Building a robust system to manage this can be tricky, especially when dealing with large files and high user traffic. The good news is that with a serverless architecture on a platform like AWS (or any other cloud service), you can create a highly scalable, cost-effective, and reliable solution. Let's break down the key components of such a system.

The Old School Method

The traditional method of file uploads involves the client (e.g., a web browser or mobile app) sending the file directly to your backend server via REST APIs, which then processes and stores it. This approach can be problematic for several reasons:

• Server Strain: The backend server must handle the entire file payload, consuming valuable processing power and memory that could be used for other tasks.
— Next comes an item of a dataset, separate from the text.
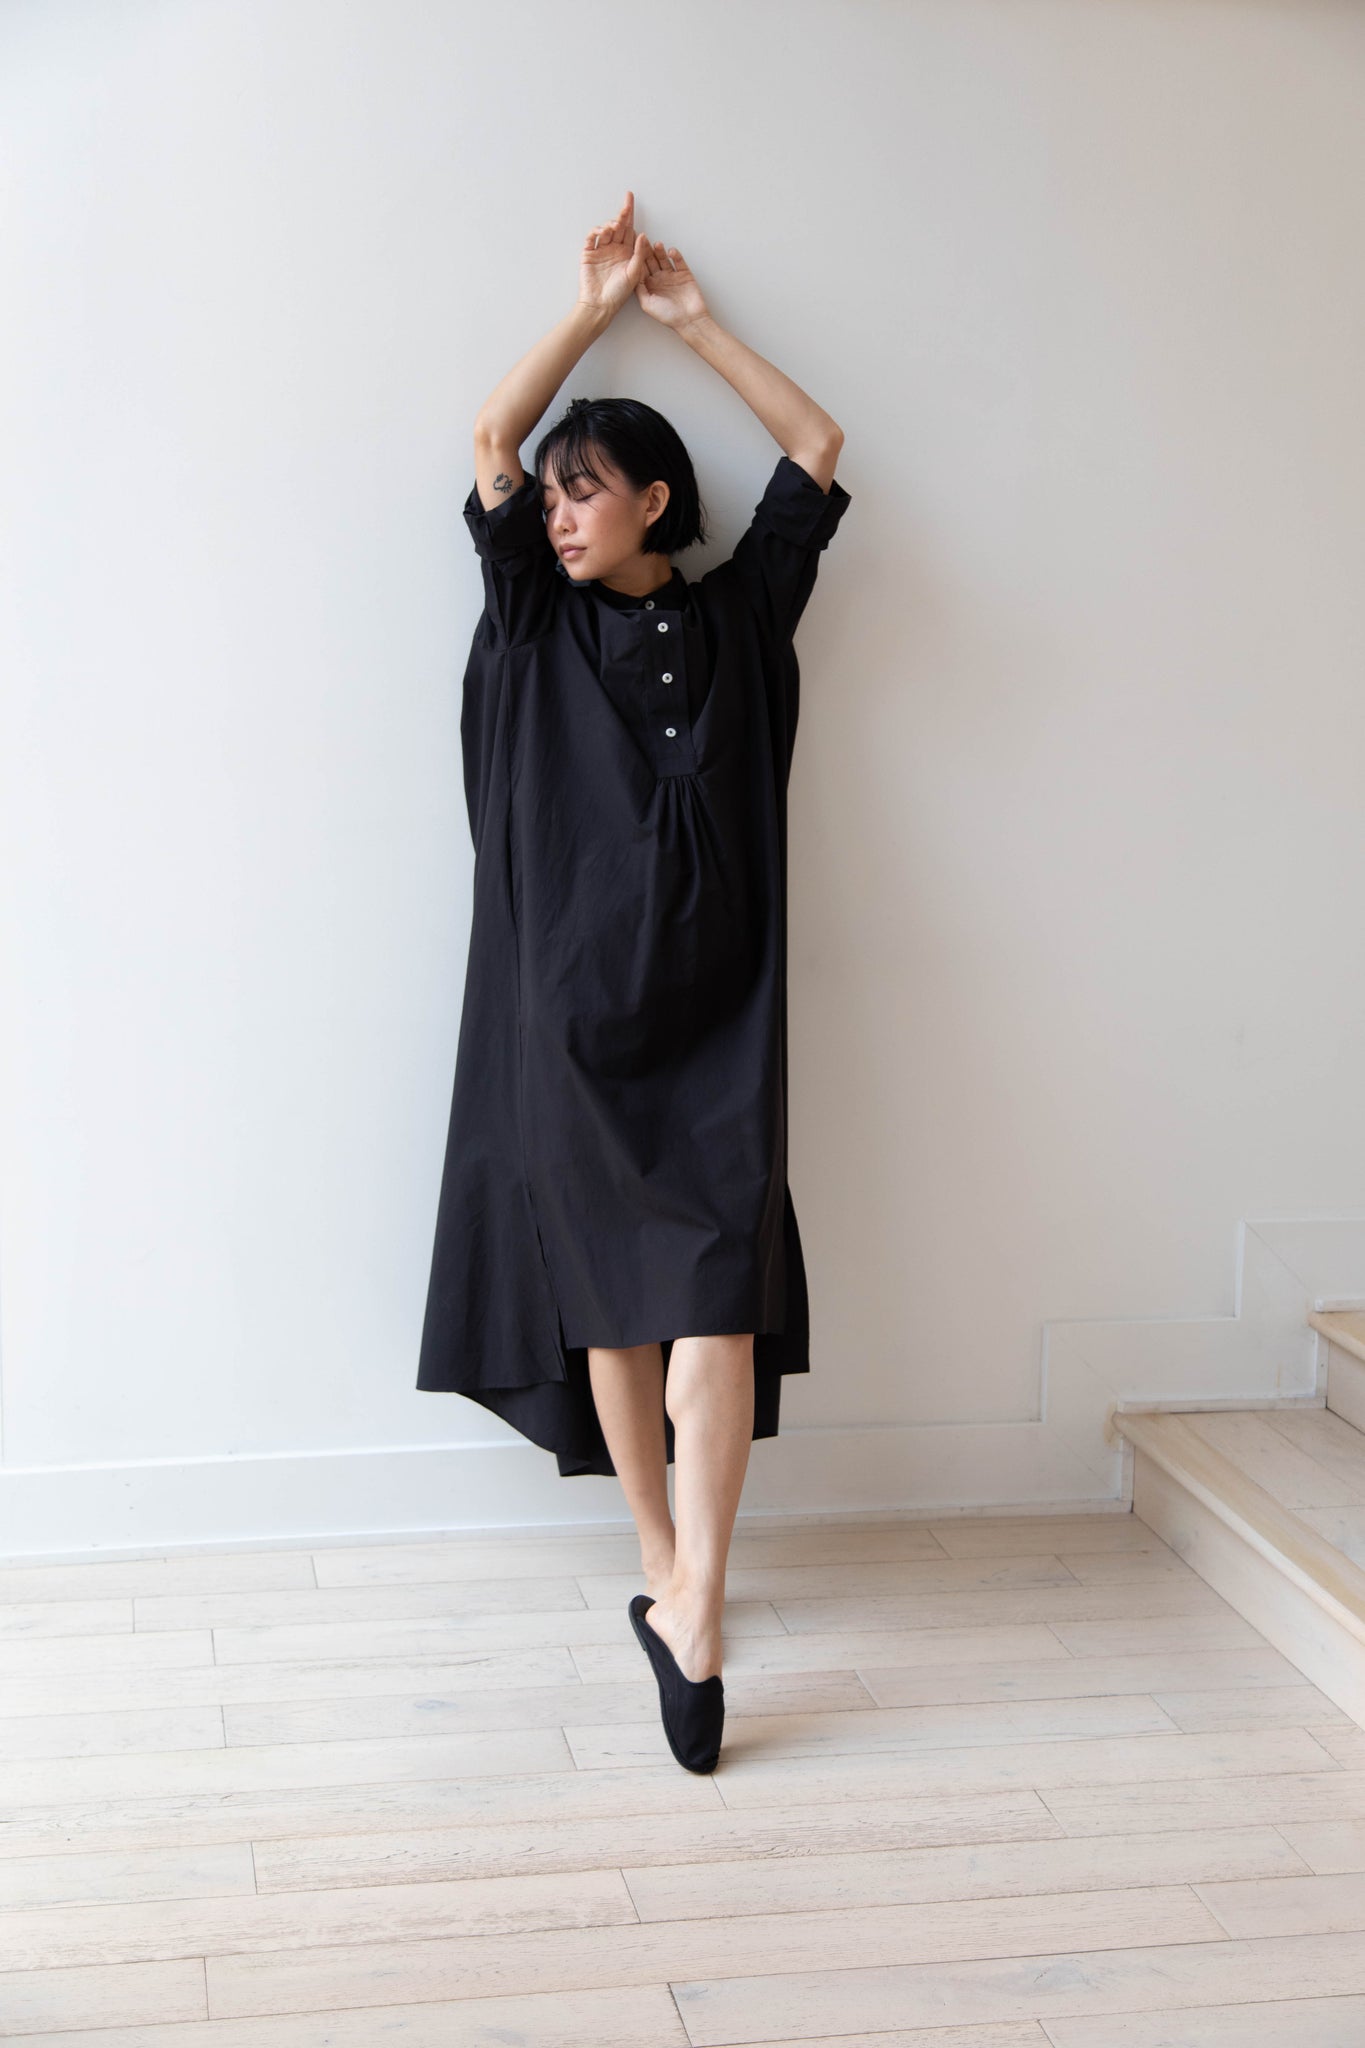 Fabiana Pigna Gogol Dress in Black

• Latency & Reliability: Large files can take a long time to upload, increasing the risk of timeouts and connection issues.
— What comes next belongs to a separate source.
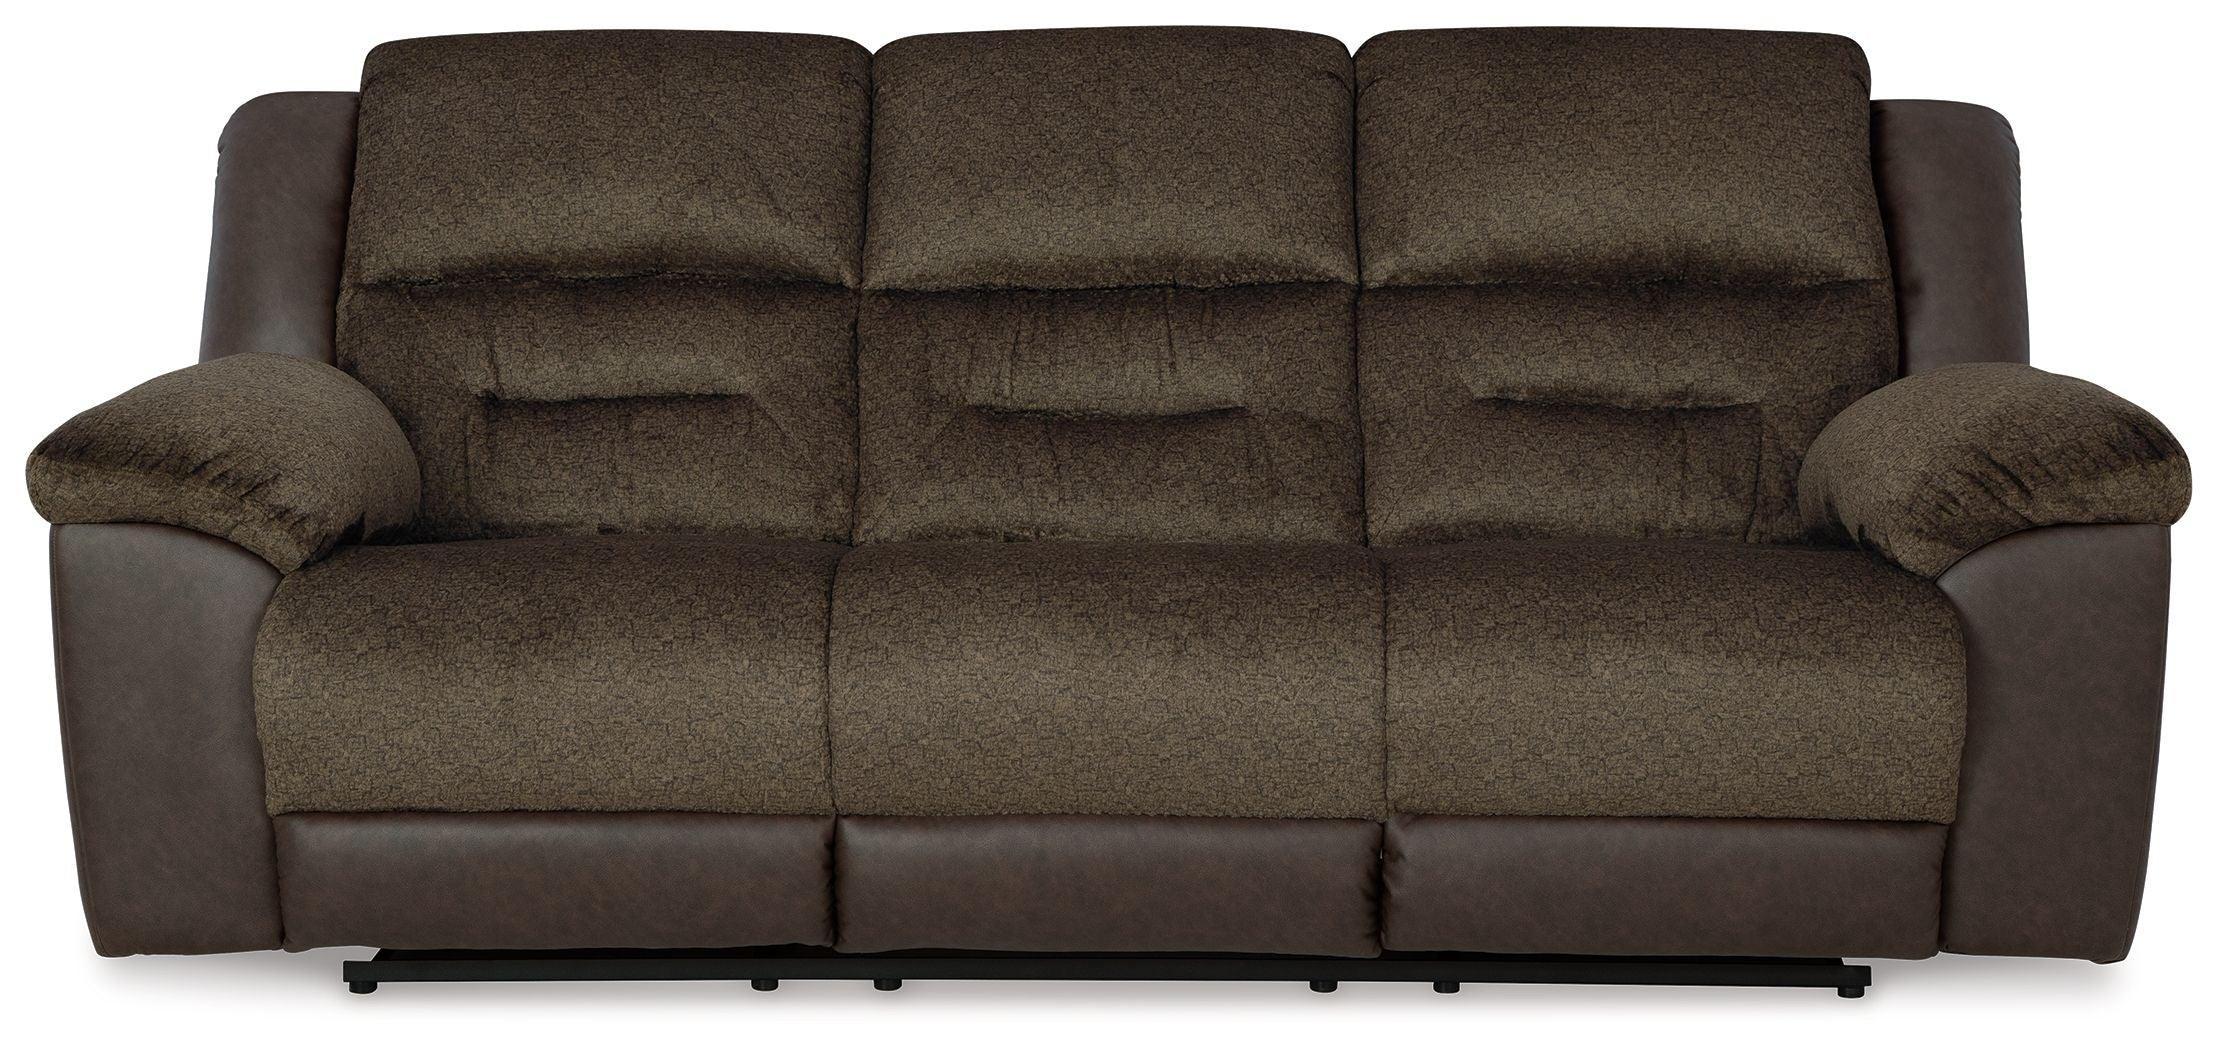 Benchcraft® - Dorman - Chocolate - Reclining Sofa - 5th Avenue Furniture

• Cost: You're paying for compute resources on your server to handle a task that can be easily offloaded to managed services specially designed for this purpose.
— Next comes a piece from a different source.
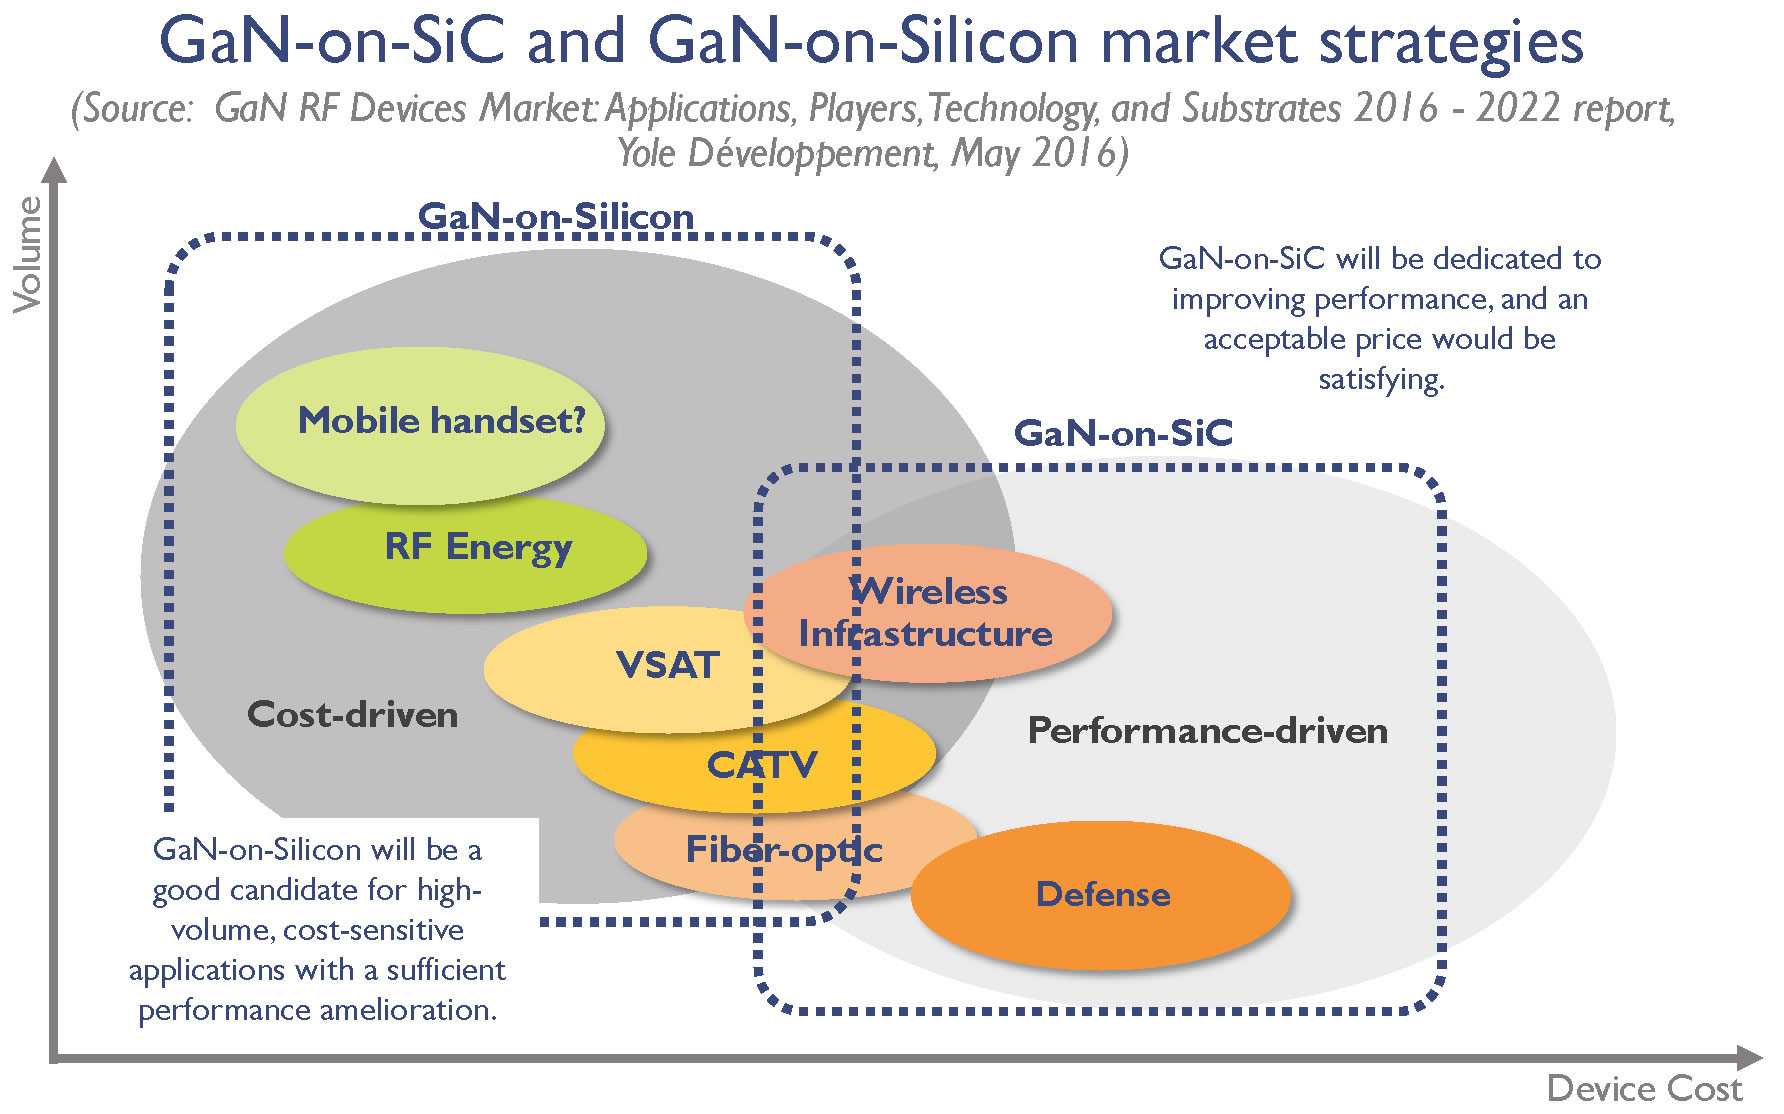 GaN-on-SiC and Gan-on-Si market strategies

Also, most of the services now use some sort of API gateway which has restrictions on the size of payload that you can transfer with API requests. This may easily become a bottleneck if you plan to send large size media files via this route.

Modern Approach

A far more efficient solution, especially for large files, is the direct-to-S3 upload. Instead of proxying the file through your backend, the client requests a temporary, secure link from your backend service. This link, known as a pre-signed URL, grants the client direct permission to upload a specific file to a specific S3 bucket for a limited time. This approach has several key benefits:

• Offloads Work from Your Server: The backend only handles the metadata and the generation of the pre-signed URL, not the large file payload itself. This frees up your backend to focus on core business logic.

• Scalability: AWS S3 is built to handle massive scale. The service automatically handles the ingestion of file uploads, eliminating any concerns about your server's capacity.

• Improved Performance: The client uploads the file directly to S3, which is optimized for high-speed data transfer. This often results in faster and more reliable uploads. You can also support resumable file uploads by chunking the media into several chunks, this also makes the upload process faster and in case of network failures, the client can always resume the file uploads.

The Architecture in Action

The design for this system can be broken down into two main phases: the Upload Flow and the Serving Flow.

The Upload Flow

1. Client Request: The client initiates an upload by sending a POST (/uploads) request to your API Gateway. This request includes essential metadata about the media file, such as its name, size, and MIME type.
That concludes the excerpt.